▶ **Dataset content**
---------------

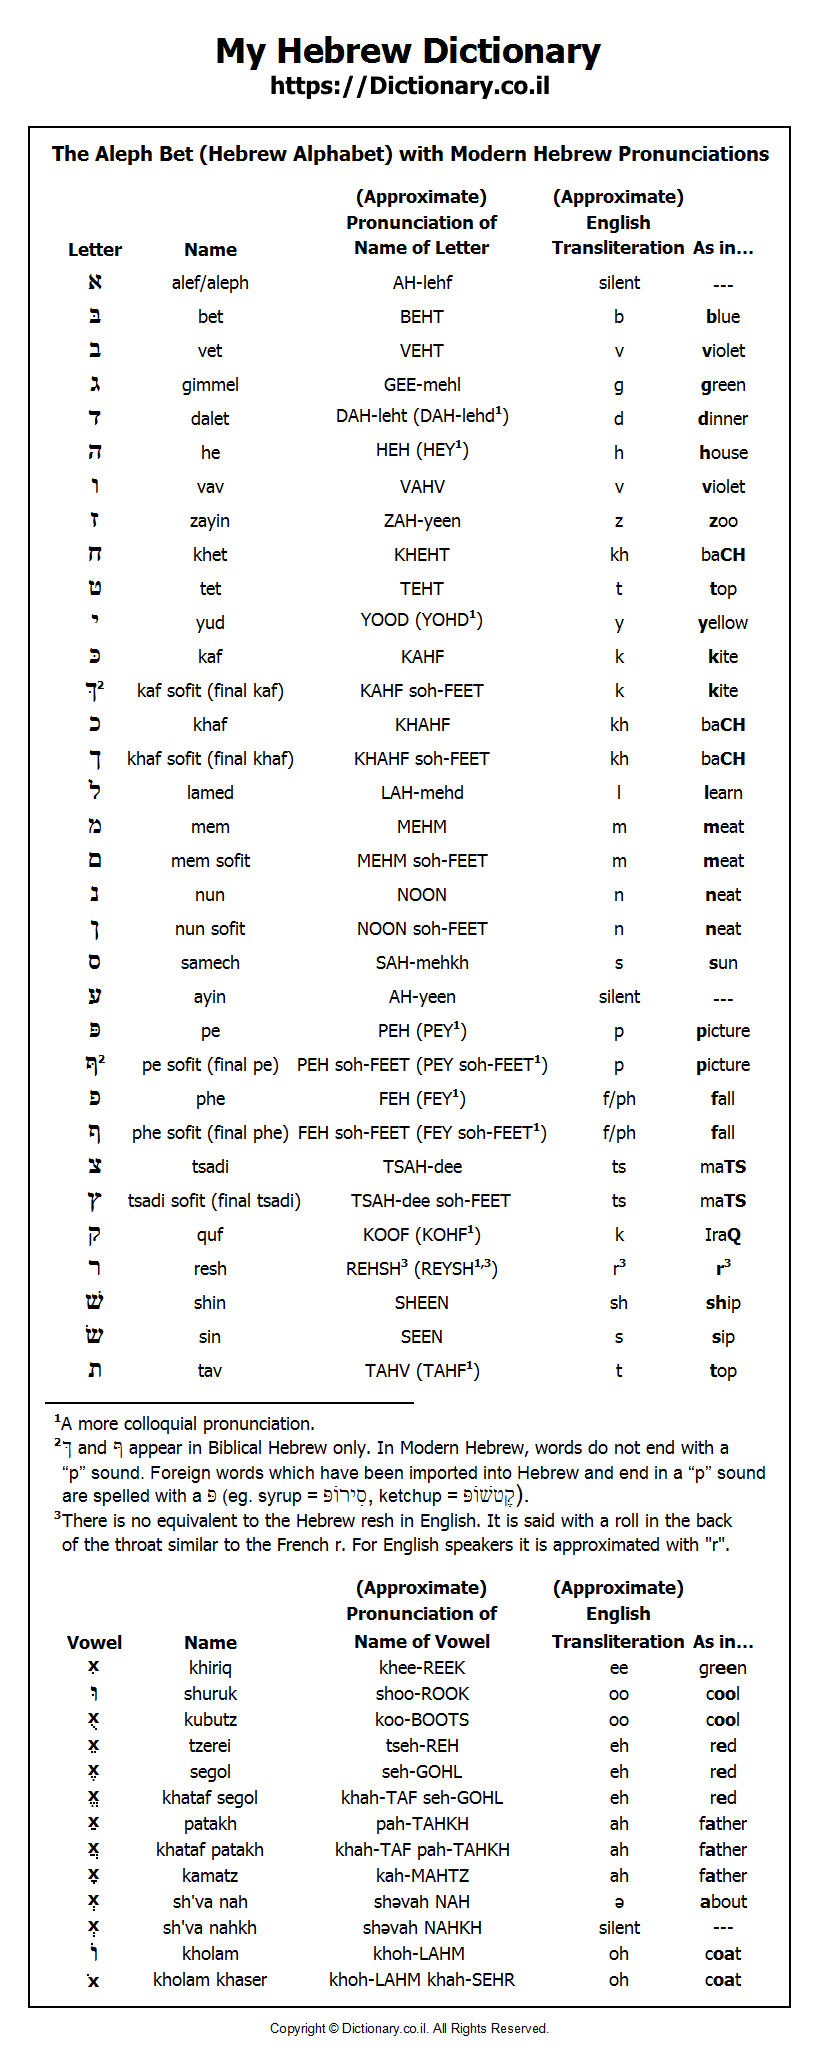 Hebrew alphabet and guide to modern Hebrew pronunciation
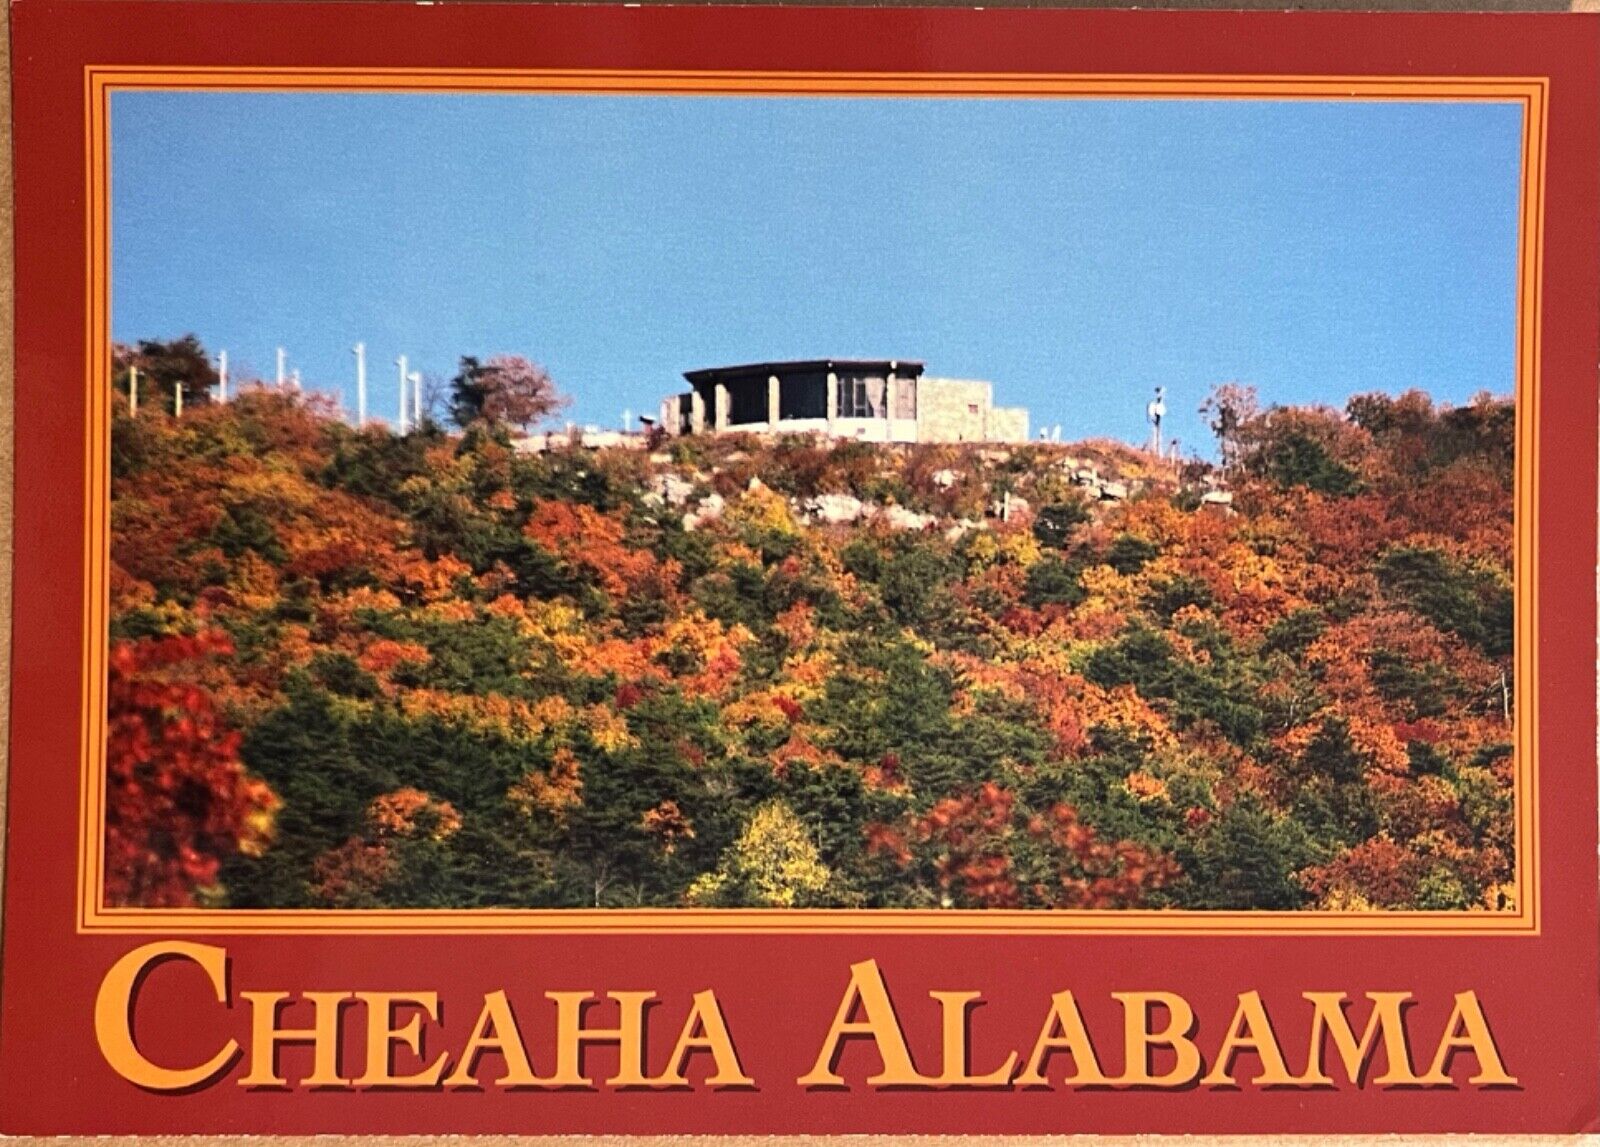 Cheaha Restaurant Alabama Scenic 6x4 Postcard
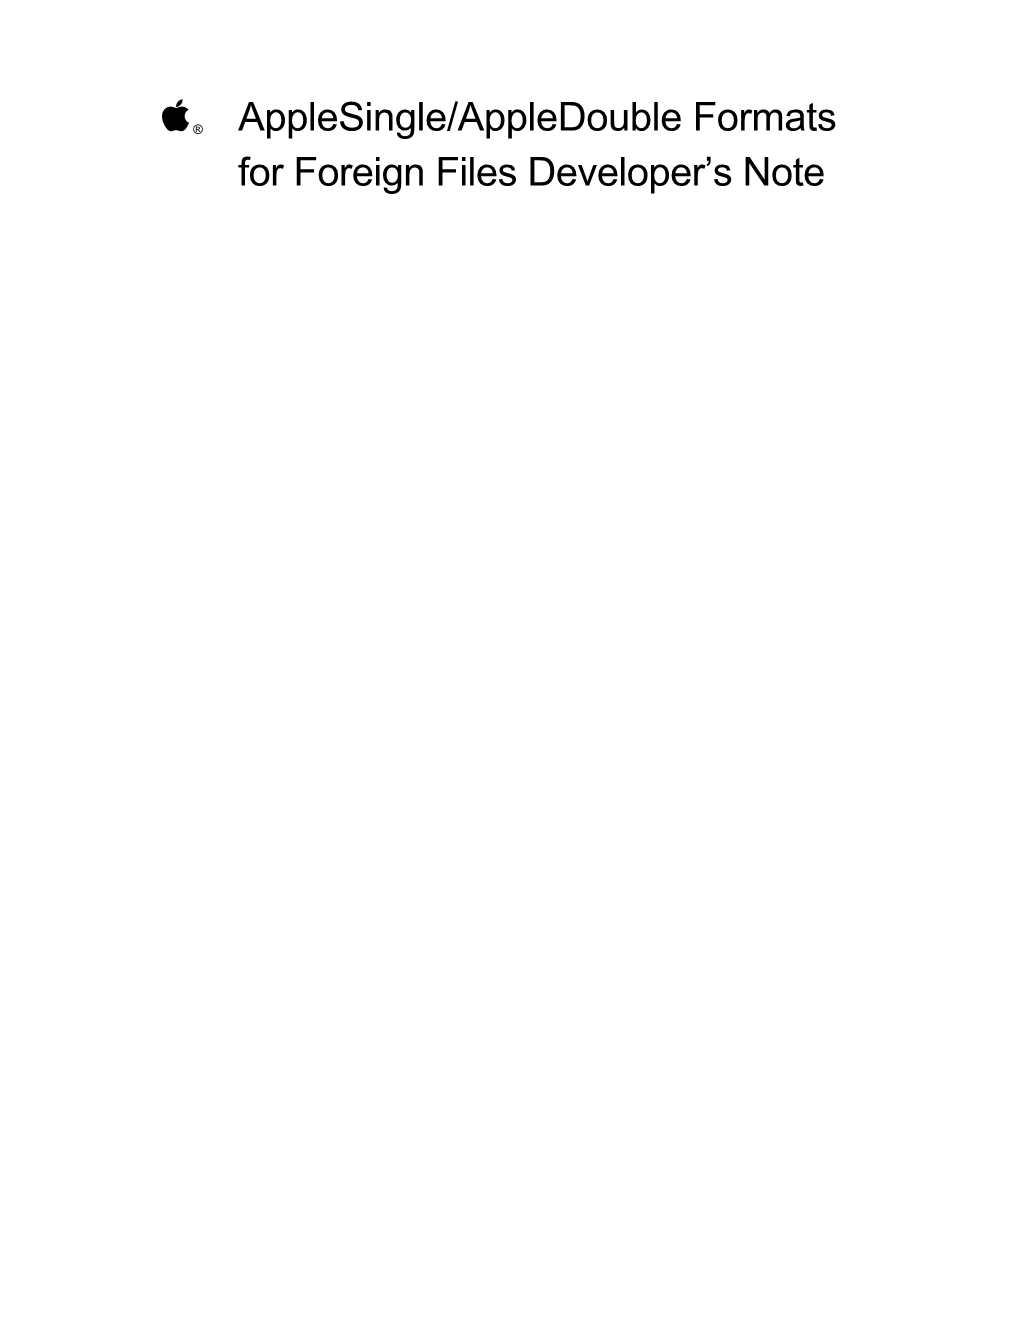 Applesingle/Appledouble Formats for Foreign Files Developer's Note

---------------

Exclude every picture, then reproduce the remaining data character for character.

▶ **Result of the task**
 Hebrew alphabet and guide to modern Hebrew pronunciation
 Cheaha Restaurant Alabama Scenic 6x4 Postcard
 Applesingle/Appledouble Formats for Foreign Files Developer's Note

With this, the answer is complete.